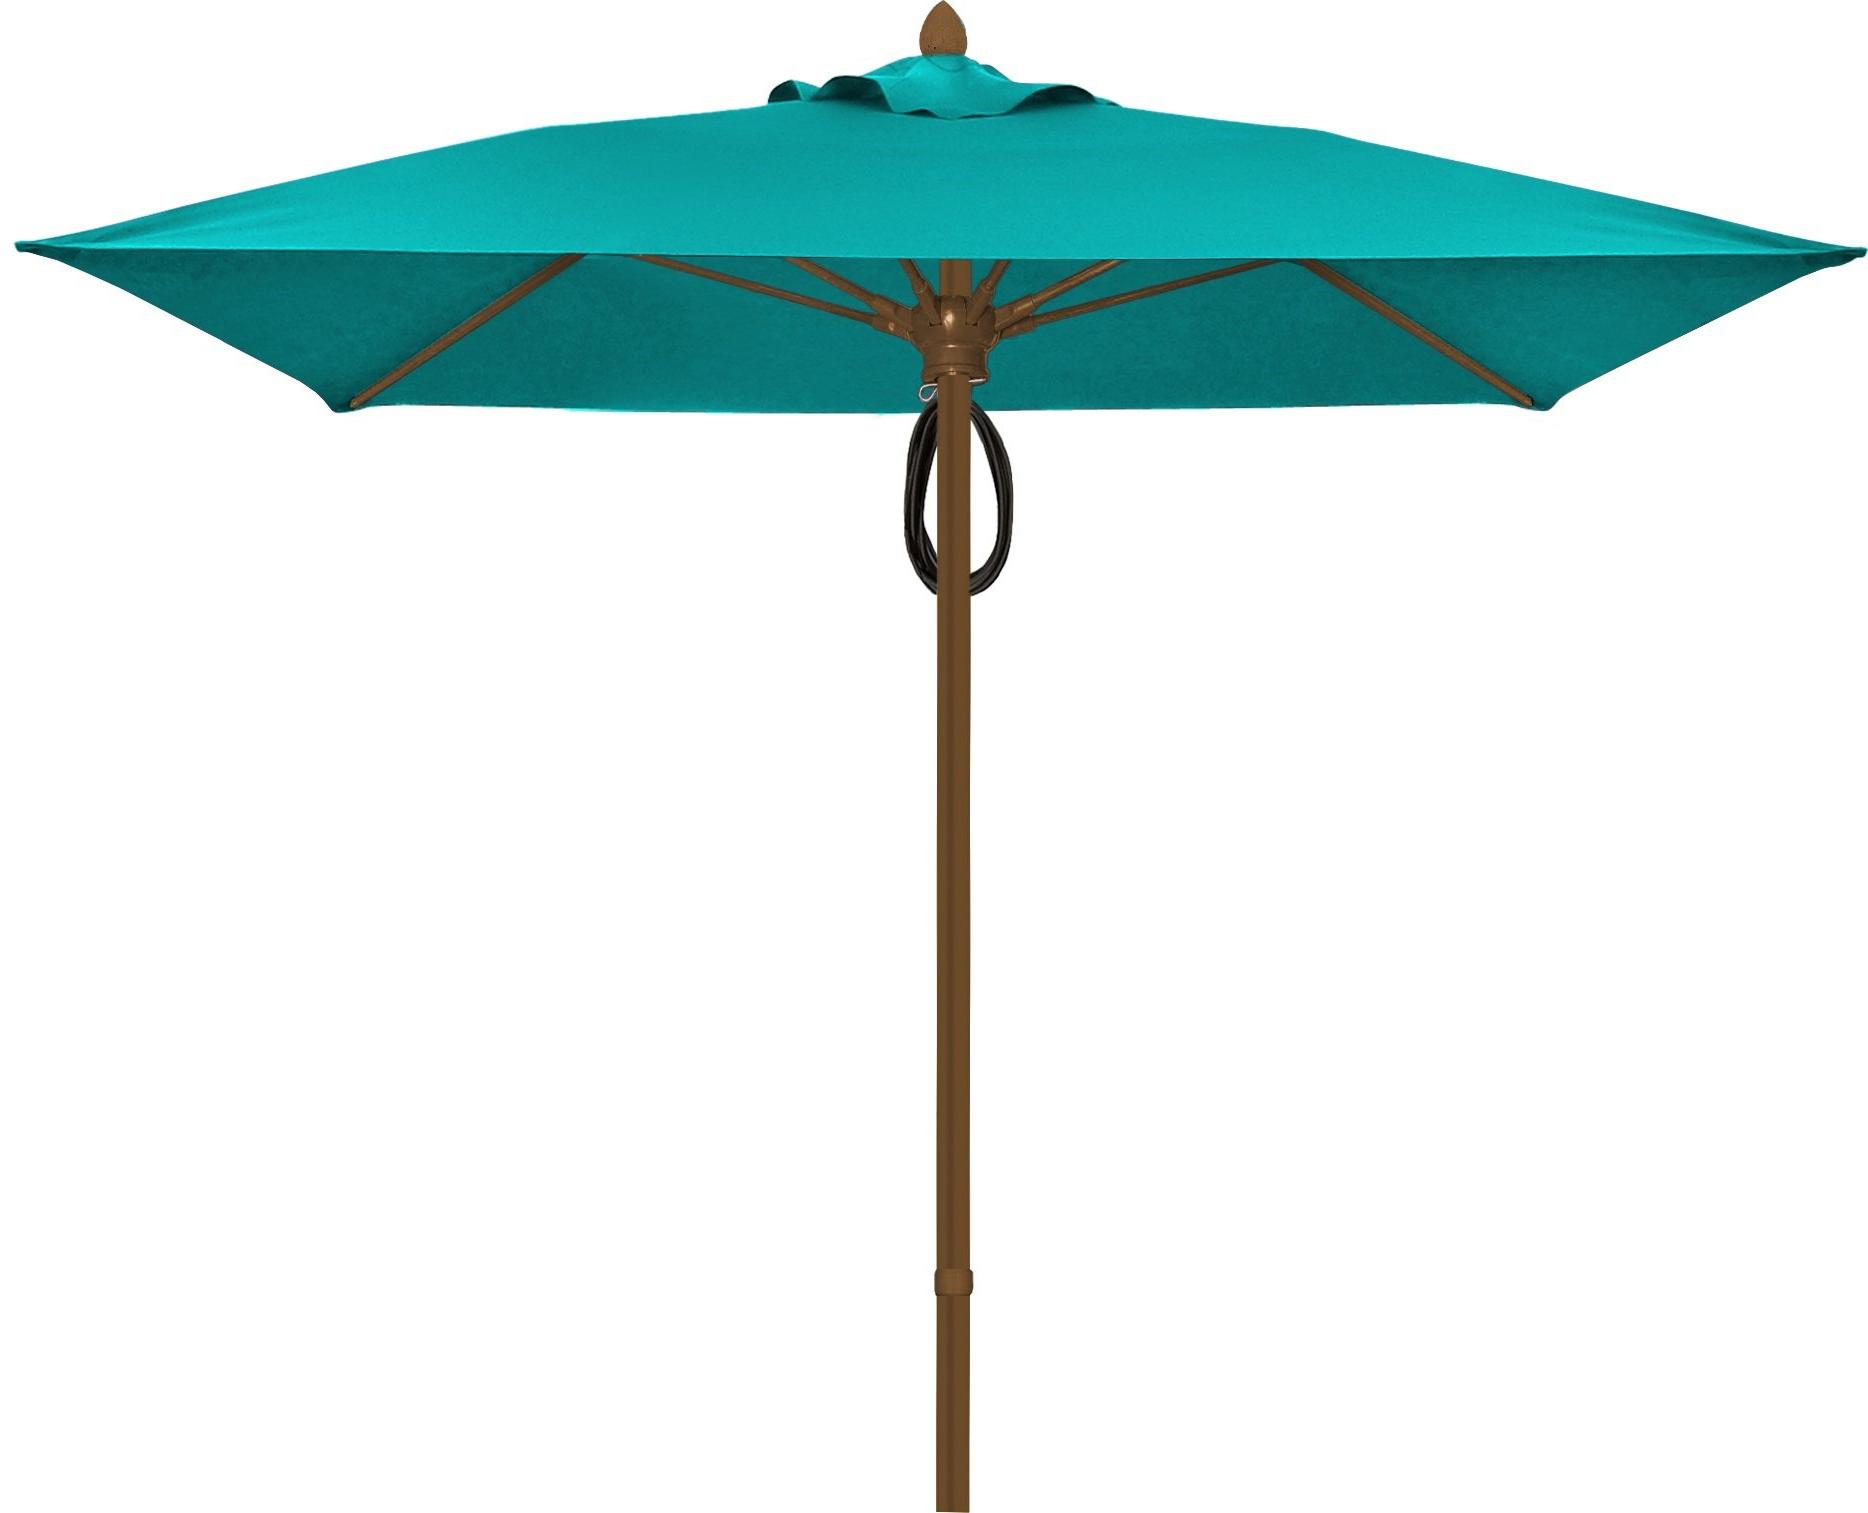 Priscilla Market Umbrellas For Latest Prestige 6' Square Market Umbrella (View 20 of 20)
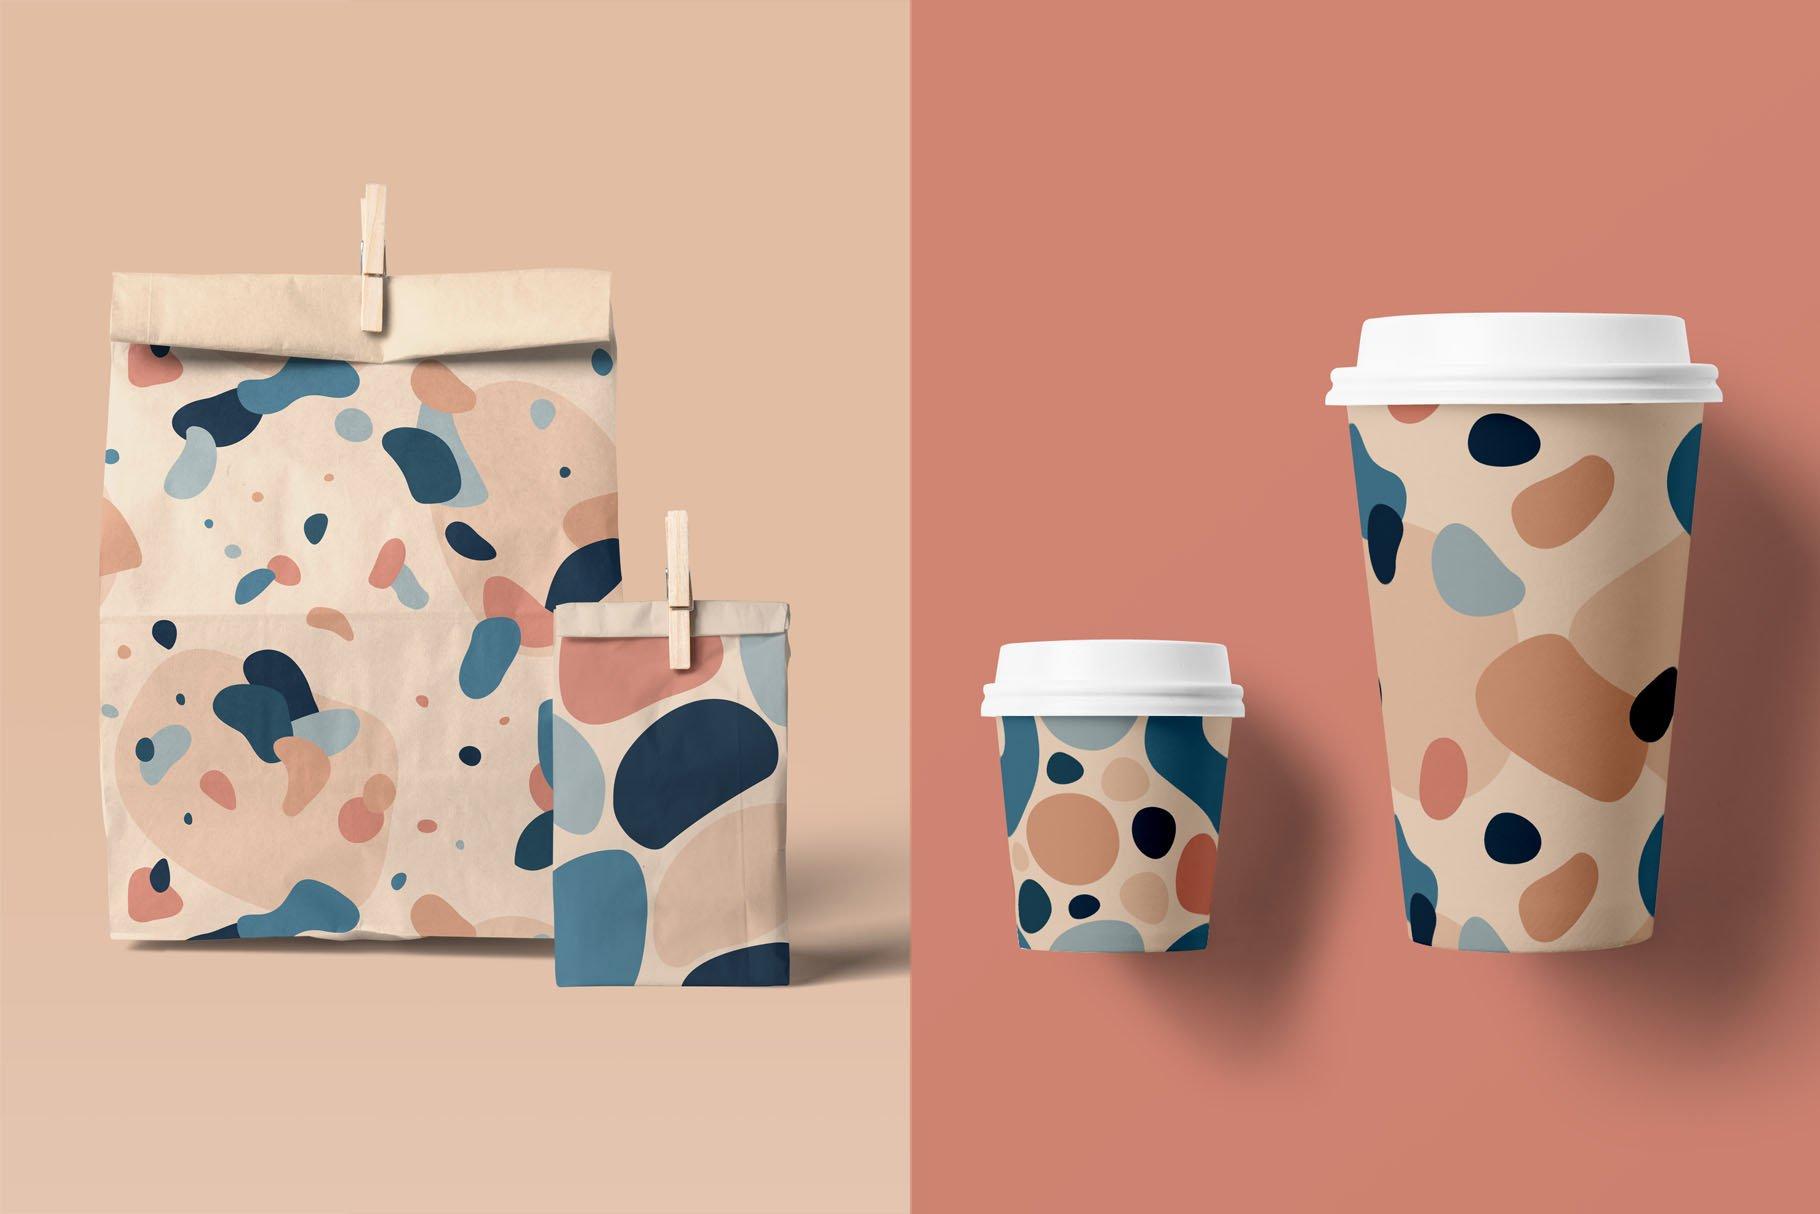 抽象有机形状无缝图案素材designshidai_beijing92
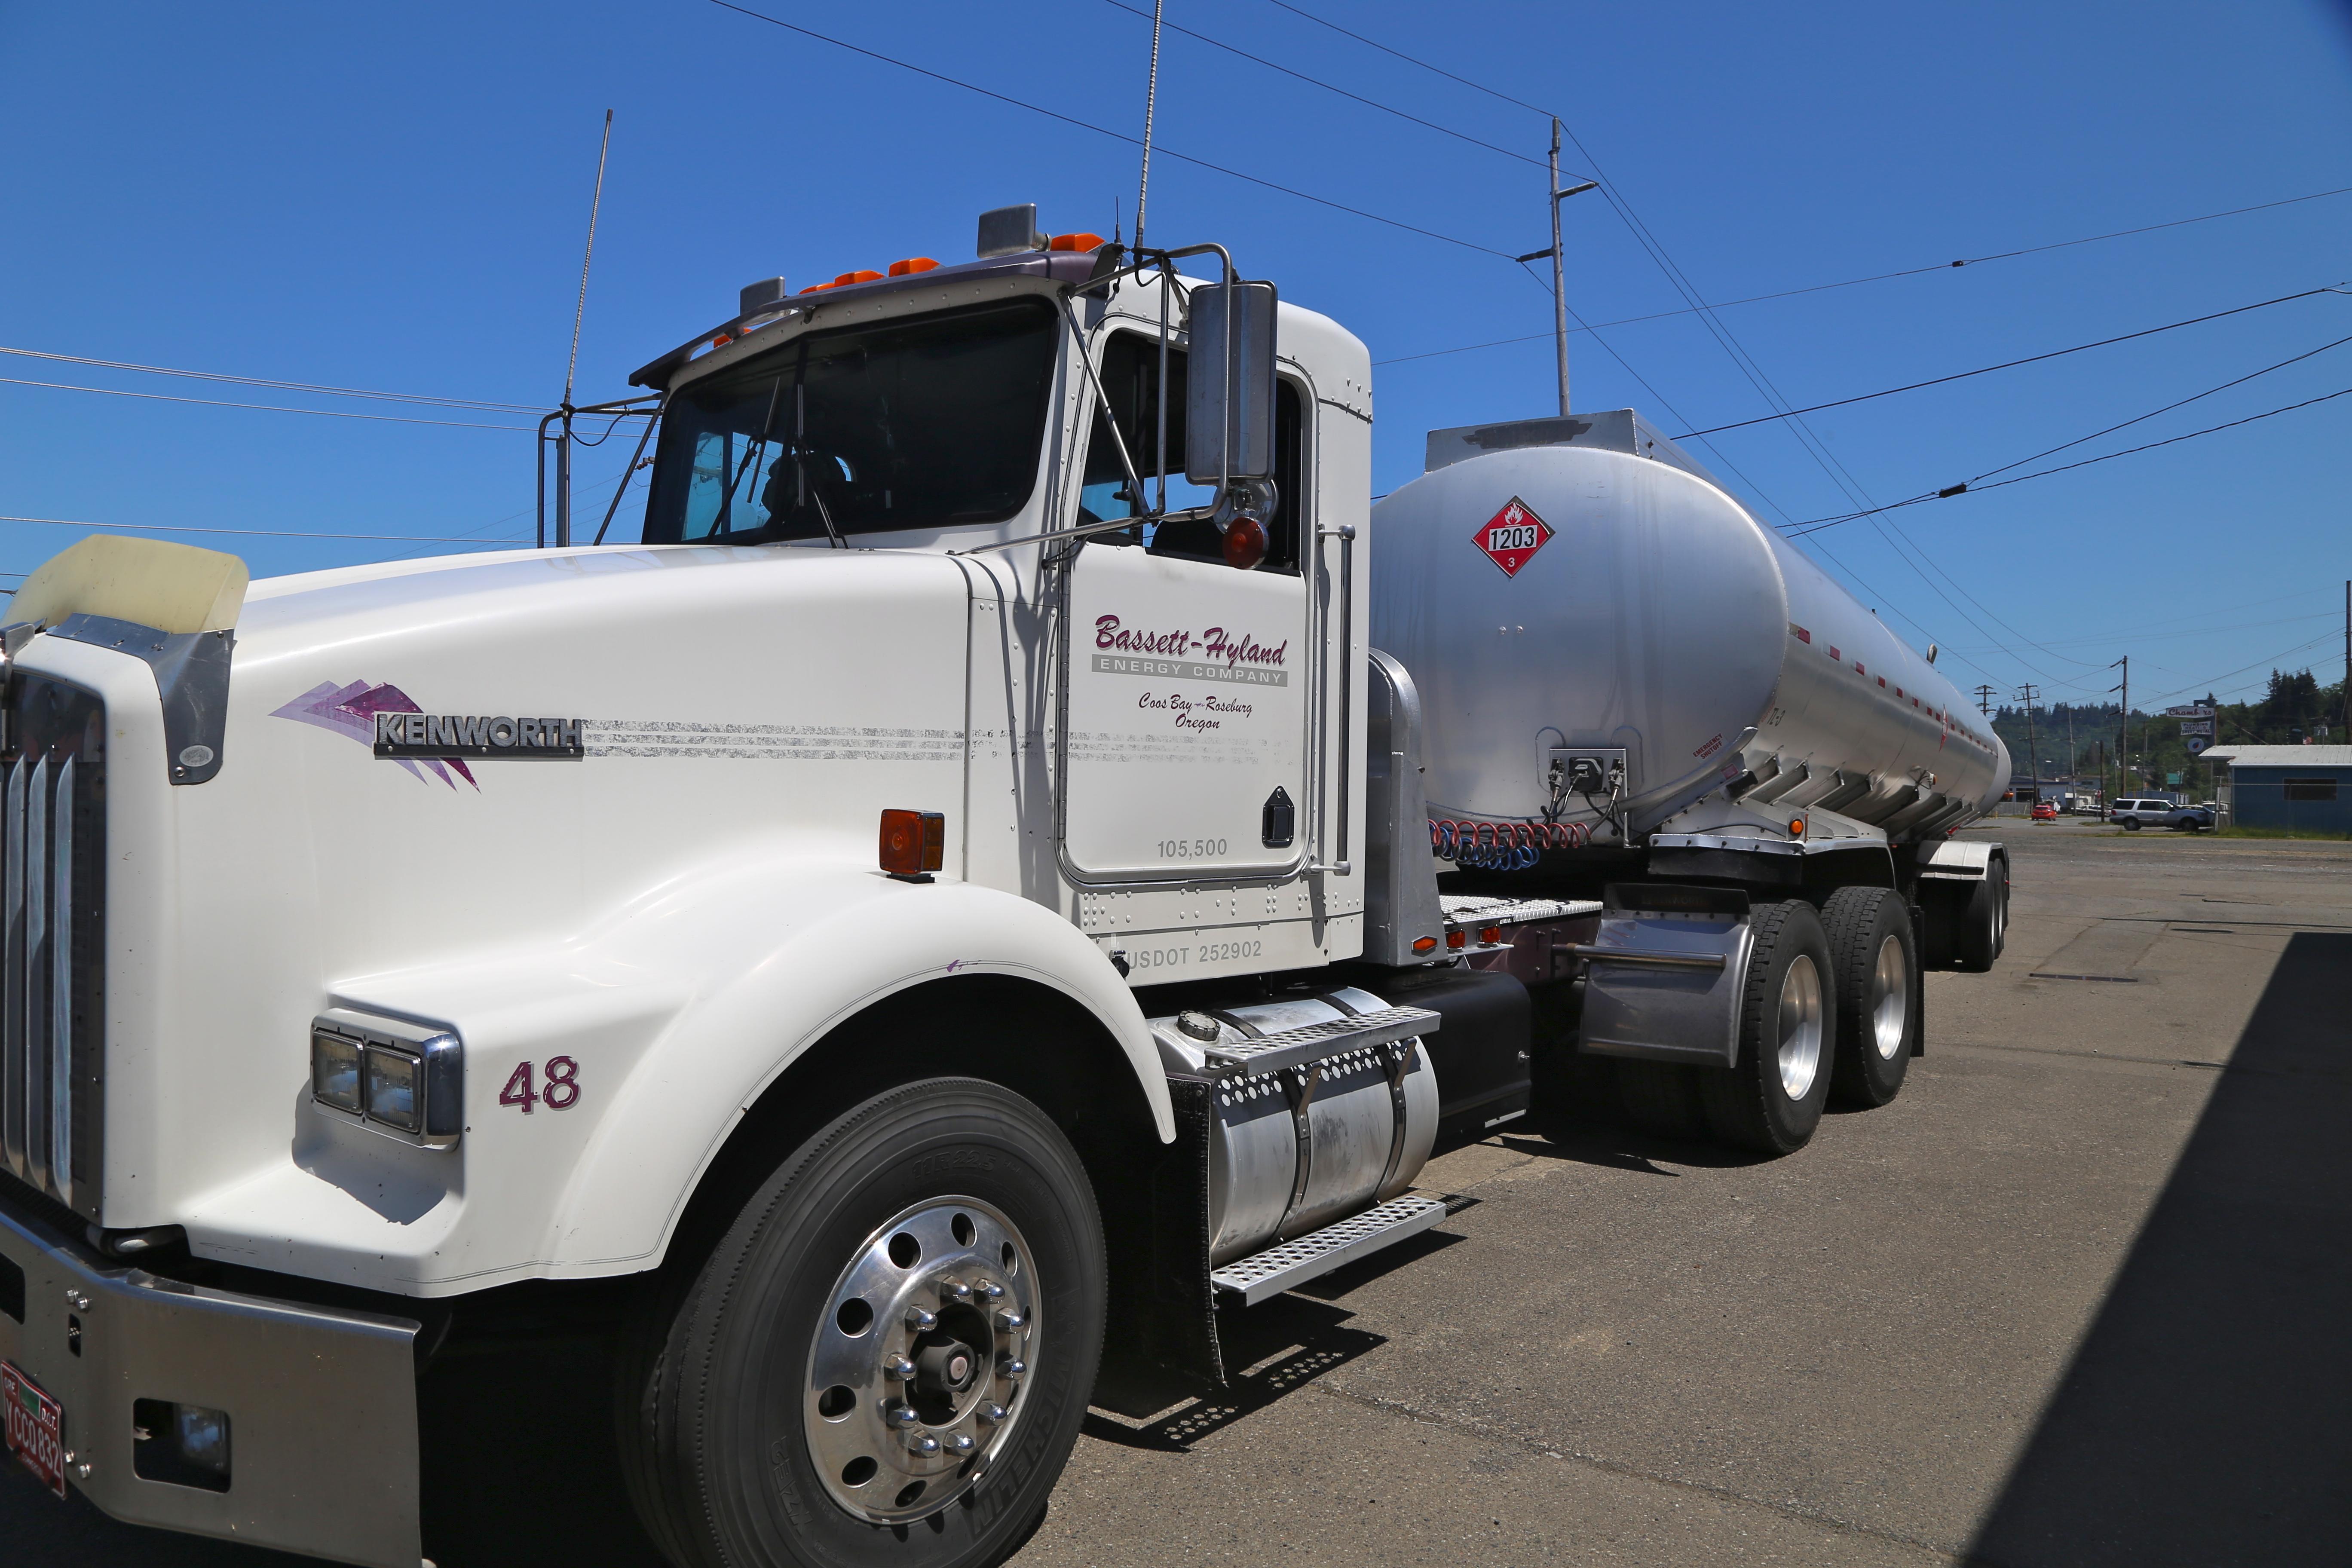 Bassett-Hyland Energy Company image 1

§ Work request: A faithful copy of all the data above is required, printed exactly and with no pictures.

§ Solution for this task:
 Priscilla Market Umbrellas For Latest Prestige 6' Square Market Umbrella (View 20 of 20)
 抽象有机形状无缝图案素材designshidai_beijing92
 Bassett-Hyland Energy Company image 1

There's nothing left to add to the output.